Sedangkan untuk kondisi Lily, wanita itu hanya terluka bagian tangannya saja. Lily sudah sembuh sejak kemarin, tapi dia masih di rawat disini seperti Mi Lover. Namun hanya Mi Lover yang parah, wajahnya yang rusak... tangannya berlubang akibat tusukan.... lengannya terluka... banyak sekali. Lalu sekarang, Raka tengah menemani Mi Lover di ruang rawat--juga ada Dokter William disini.

"Dok, apa perbannya bisa di buka?" tanya Raka pada William.

William yang tengah memeriksa tekanan darah Mi Lover menoleh, lalu tersenyum. "Bisa, Sir. Saya akan buka sekarang." ucapnya.

William menarik Mi Lover hingga membuat wanita itu terduduk di atas ranjangnya. Raka berada di sisi kanan Mi Lover, sementara William ada di sisi kirinya.

Raka memperhatikan gerakan William, dengan perlahan Dokter itu membuka satu persatu lilitan perban dan kasa yang menutupi wajah baru Mi Lover.

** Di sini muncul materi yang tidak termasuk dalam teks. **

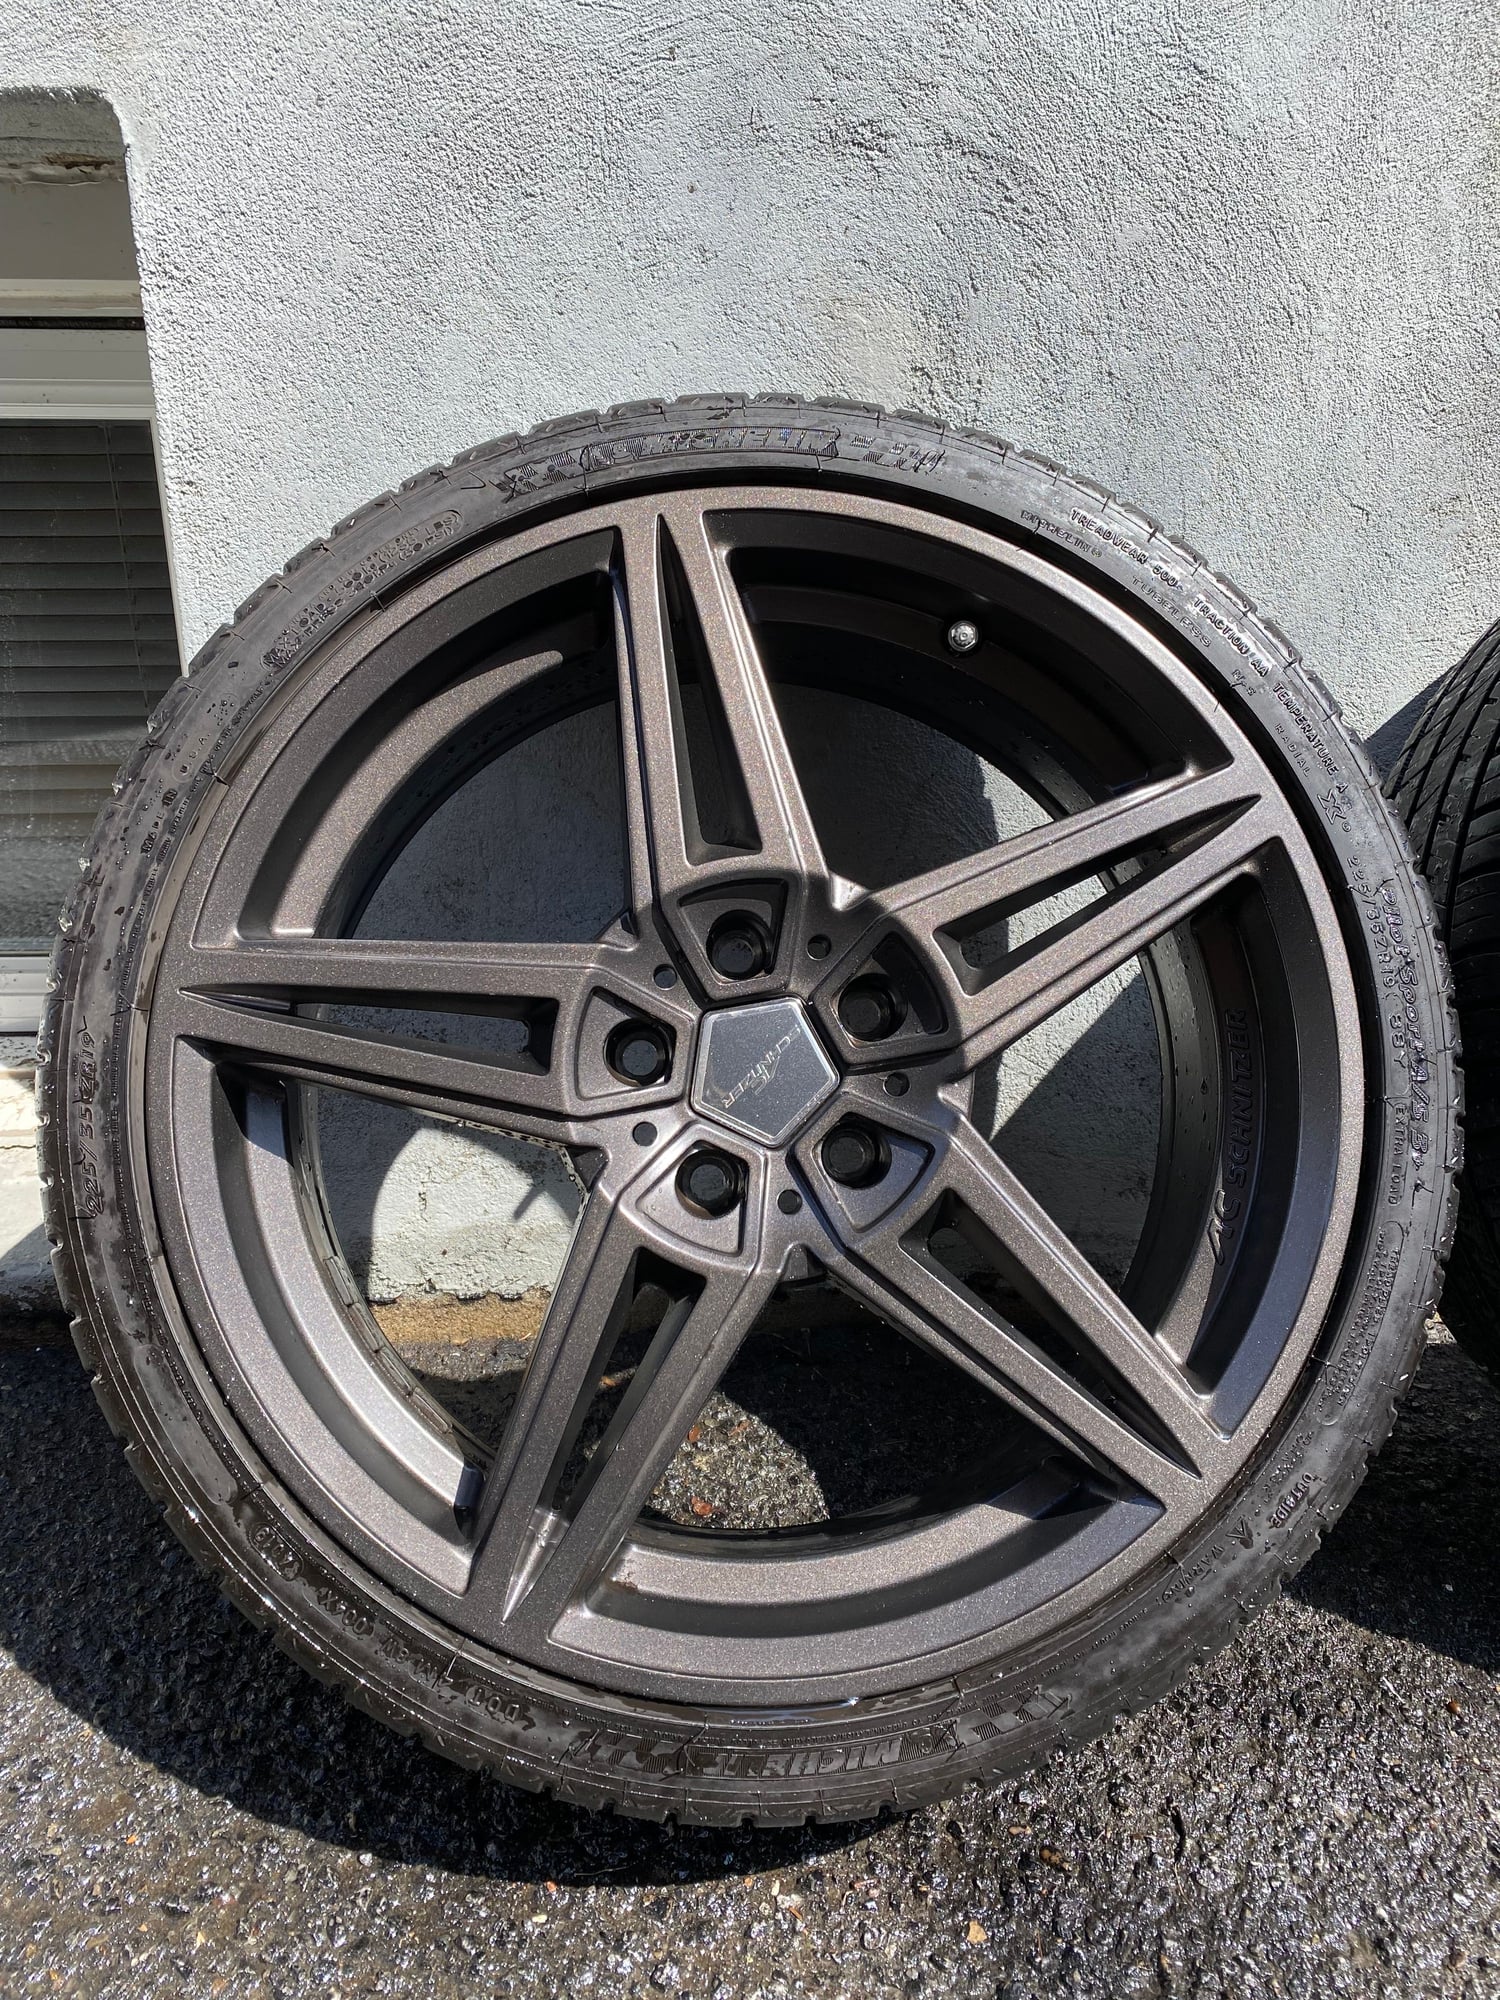 Wheels and Tires/Axles - Rare AC Schnitzer AC1, 19” in anthracite - Used - All Years  All Models - Montreal West, QC H4X1G8, Canada

"Kak Raka...." itu kalimat yang di ucapkan Mi Lover pertama kali ketika dia membuka matanya. Sontak, Raka yang di sebelahnya langsung memeluknya.

Raka melepas pelukannya, lalu mencium kening adiknya dengan lama. Raka kemudian menatap wajah Mi Lover lekat-lekat.

Cantik sekali.... tapi sayangnya wajah yang selalu di ingat Raka telah hilang, wajah Mi Lover yang lugu dan nyaris sempurna kini berubah... berganti dengan wajah baru. Bentuk matanya... hidungnya... bibirnya... pipinya... semuanya berubah. Tapi mata biru Mi Lover yang selalu di lihatnya tetap sama. Mata biru milik Mi Lover masih berpendar, menunjukkan kilaunya--membuat Raka berjanji akan selalu menjaga kedua mata itu untuk tidak pernah meneteskan air mata lagi. Tidak pernah....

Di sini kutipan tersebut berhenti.